4.3.2. UNSW-NB15 Results

This section summarizes the results from the experiments on the UNSW-NB15 dataset. The plots in Figure 8 and Figure 9 show both the ROC and precision-recall curves, estimated using the EM-AUC algorithm, for each unsupervised learning model in one of the experiments. In Figure 8, the x-axis represents the false positive rates, and the y-axis represents the true positive rates at different thresholds of the anomaly scores. Each threshold corresponds to a pair of coordinates for the false positive rate versus the true positive rate. In Figure 9, the x-axis represents recall, and the y-axis represents precision at different thresholds of the anomaly scores. Each threshold corresponds to a pair of coordinates for recall versus precision. All six models, excluding LOF and ABOD, achieve high AUC-ROC and AUC-PR, with AUC-ROC ranging from 0.9109 to 0.9894 and AUC-PR from 0.9384 to 0.994. In contrast, LOF and ABOD perform relatively poorly but still better than the baseline. LOF has an AUC-ROC of 0.6002, exceeding the baseline of 0.5, and an AUC-PR of 0.7171, which is higher than the intrusion prevalence of 0.6806 in the UNSW-NB15 dataset. Similarly, ABOD has an AUC-ROC of 0.6269 and an AUC-PR of 0.7329, both surpassing baseline performance. K-means ranks as the best model, and LOF as the worst, which is consistent with the observations from the NSL-KDD dataset.
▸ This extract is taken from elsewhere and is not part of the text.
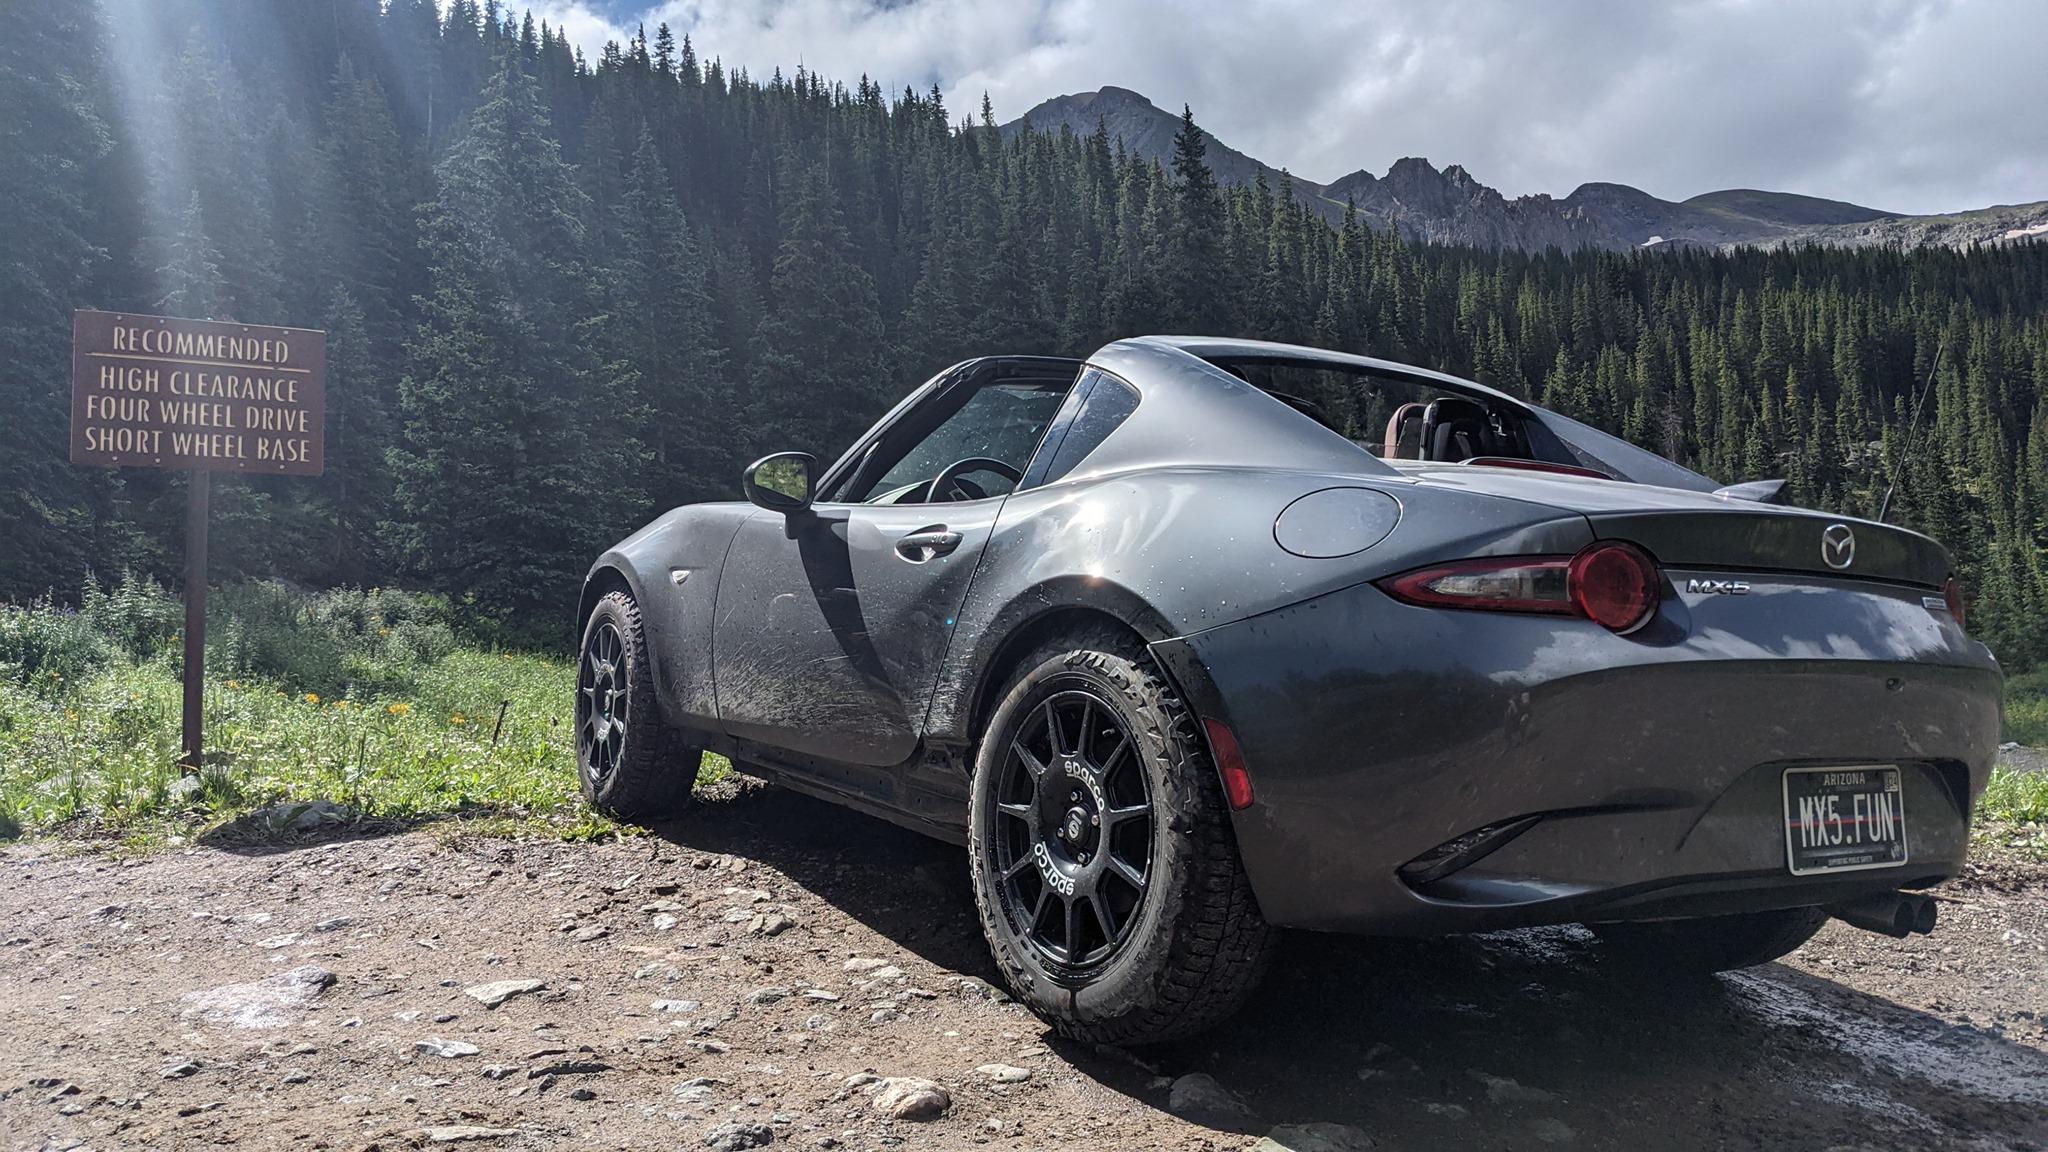 Terepgumikkal egy Mazda MX-5 sem ijed meg az erdőtől 4
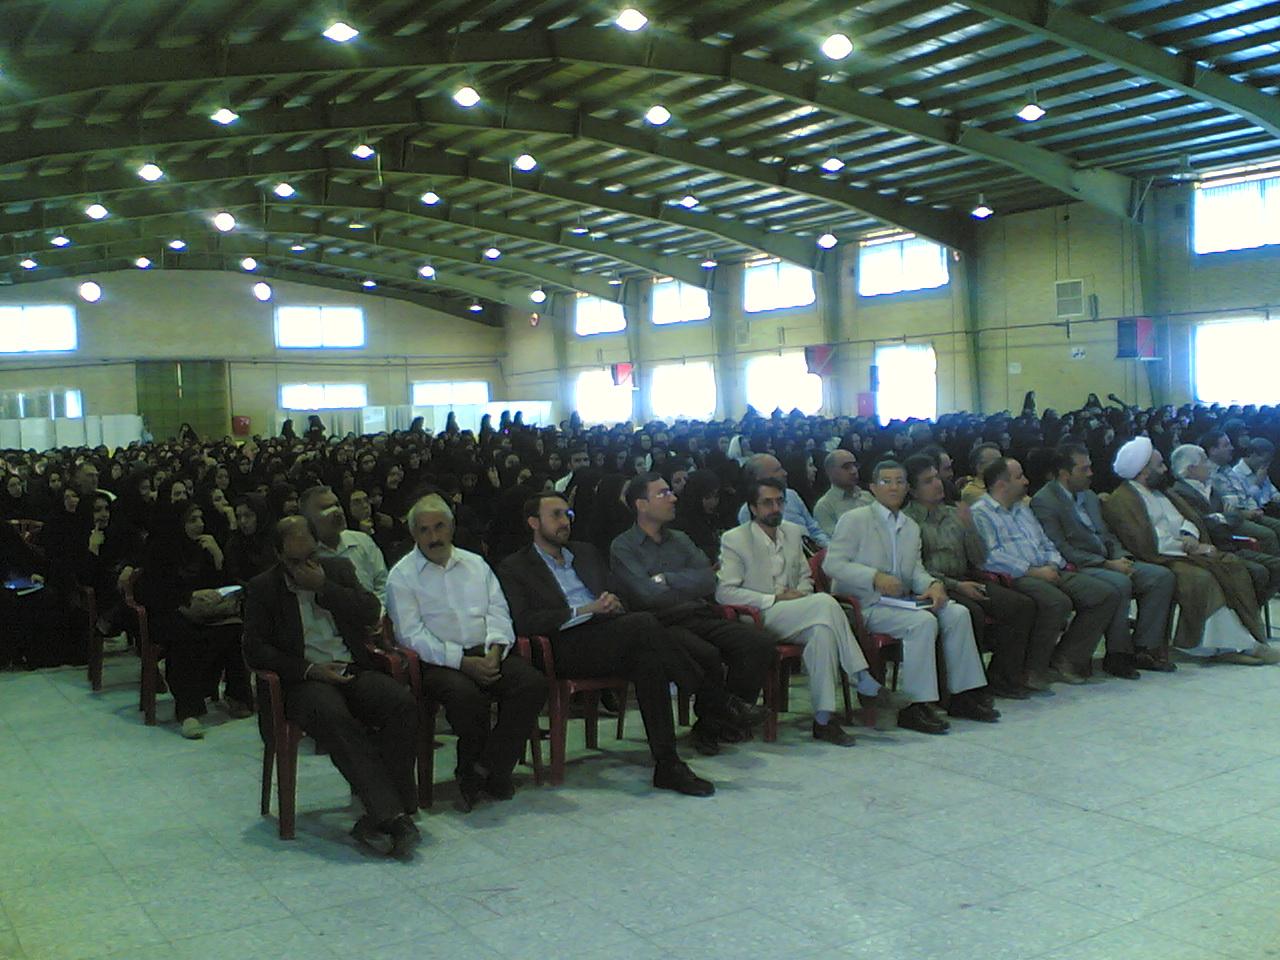 جلسه توجیهی دانشجویان جدیدالورود دانشگاه آزاد اسلامی  واحد خوراسگان برگزار شد

To minimize bias from a single random data split, the AUC-ROC was computed as the average across five distinct test sets for each model, based on either the EM-AUC algorithm or the imperfect labels, as detailed in Table 6. Similarly, the AUC-PR was averaged over these five test sets for each model, using either the EM-AUC algorithm or the imperfect labels, as summarized in Table 7. To assess whether the results produced by EM-AUC align with our expectations, we compared the AUC-ROC and AUC-PR derived from the proposed EM-AUC with those based on the labels in the UNSW-NB15 dataset. On average, the AUC-ROC and AUC-PR measurements from the EM-AUC algorithm and those from the imperfect labels show a comparable rank order. Model LOF was ranked as the least performing model by all metrics, either based on imperfect labels or the EM-AUC algorithm. KNN was ranked as the best model by AUC-ROC and AUC-PR based on imperfect labels, while K-means was ranked as the best model by AUC-ROC and AUC-PR based on the EM-AUC algorithm. For most models, the EM-AUC algorithm tends to provide more optimistic estimates of model performance compared to the results based on imperfect labels as illustrated in Figure 10 and Figure 11.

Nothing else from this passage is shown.